One should think that if Putin were serious about coaxing Assad out of power, and in shoring up international credibility as a responsible arbiter for peace, he would take a few conspicuous actions. First, publicly offer the imperiled dictator safe passage out of Syria, if not safe haven in Russian territory. Yet such is not the case. Second, recall those many Russian “military advisors” who are manning Syria’s air defense systems. The Guardian expects these personnel to continue at their posts in the unlikely event that NATO warplanes fly overhead. I highly doubt it. When the aircraft carrier Admiral Kuznetsov sailed to Tartus in January 2012 as part of a Russian naval “task force,” the US Sixth Fleet was on hand just in case the ill-designed ship, held together by Scotch tape and Orthodox prayers, sunk en route, and never mind that the Kuznetsov might have been shipping weapons then, too. Another rare moment of honesty from Russian officialdom was that a Western intervention would render forfeit all diplomatic, material and military support for Assad. Russia calls America’s bluff, America can’t even call Russia’s candor.

 

It’s been a few years now since many serious people in Washington believed that a major bilateral “reset” was necessary to convince an ex-KGB agent to render transport assistance to American and European soldiers willing to die to stop radical Islamists from regaining control of Afghanistan.

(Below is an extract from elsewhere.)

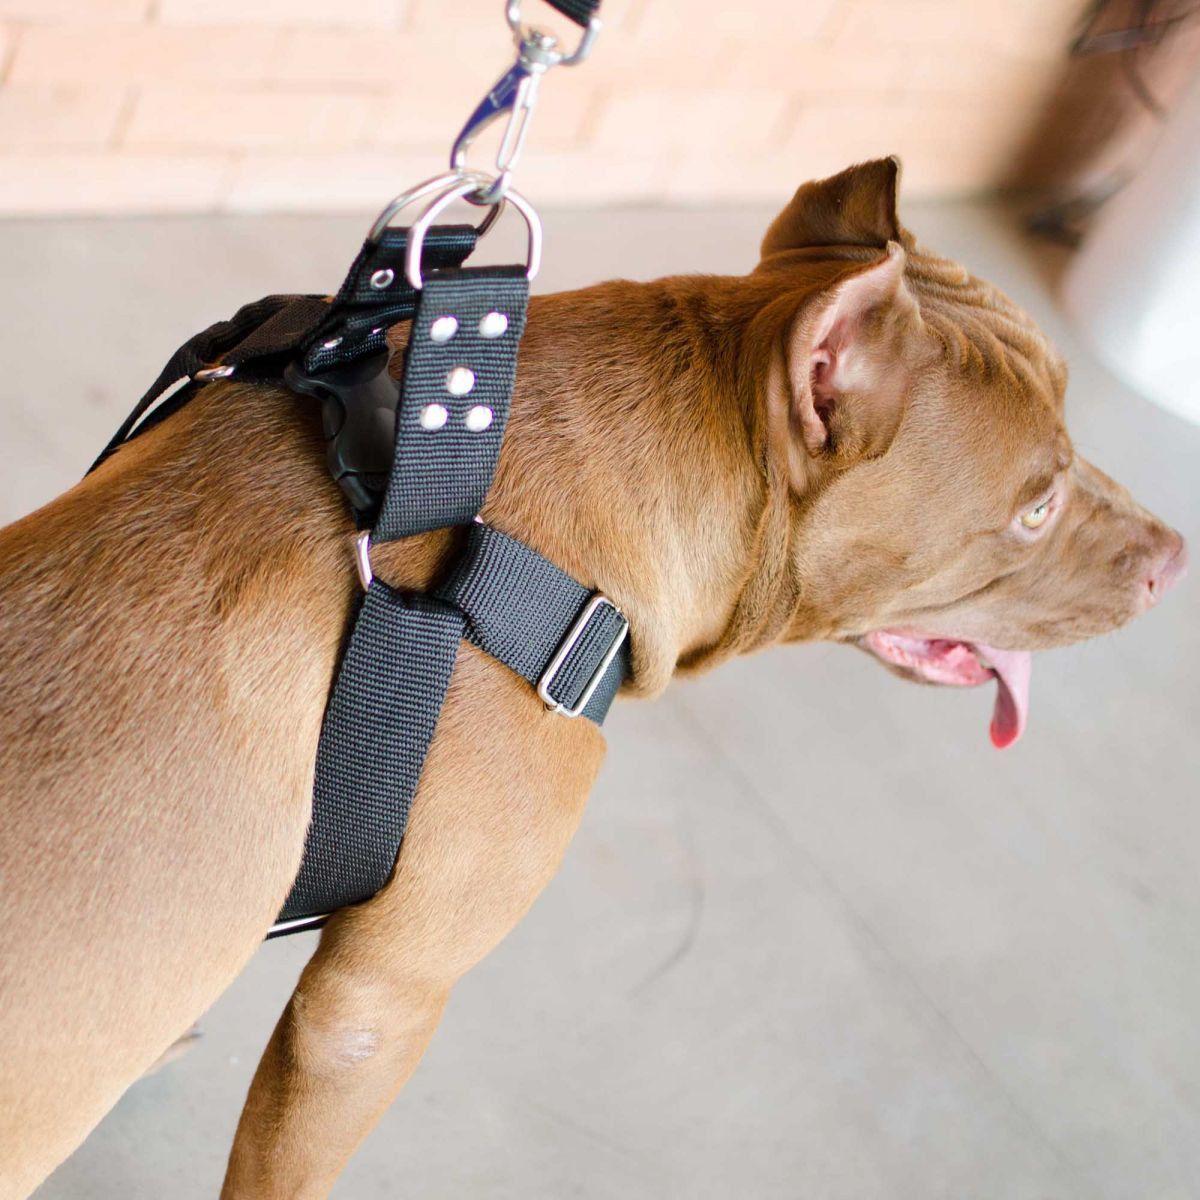 Coleira Peitoral Cachorro Porte Maior E Adaptador Para Cinto de Segurança Veicular Tamanho M - Cor Preta

Or that corrupt siloviki who stage mock invasions of neighboring countries were as sincerely committed to nuclear disarmament as was a former community organizer from Chicago. ‘Tis the season to be silly, though here’s a morbid thought to tide you over till after the New Year. Perhaps our government knows that Putin’s line isn’t changing and isn’t going to; it’s just grateful that he occasionally makes it seem so to give it an excuse to do nothing new or substantive about Syria.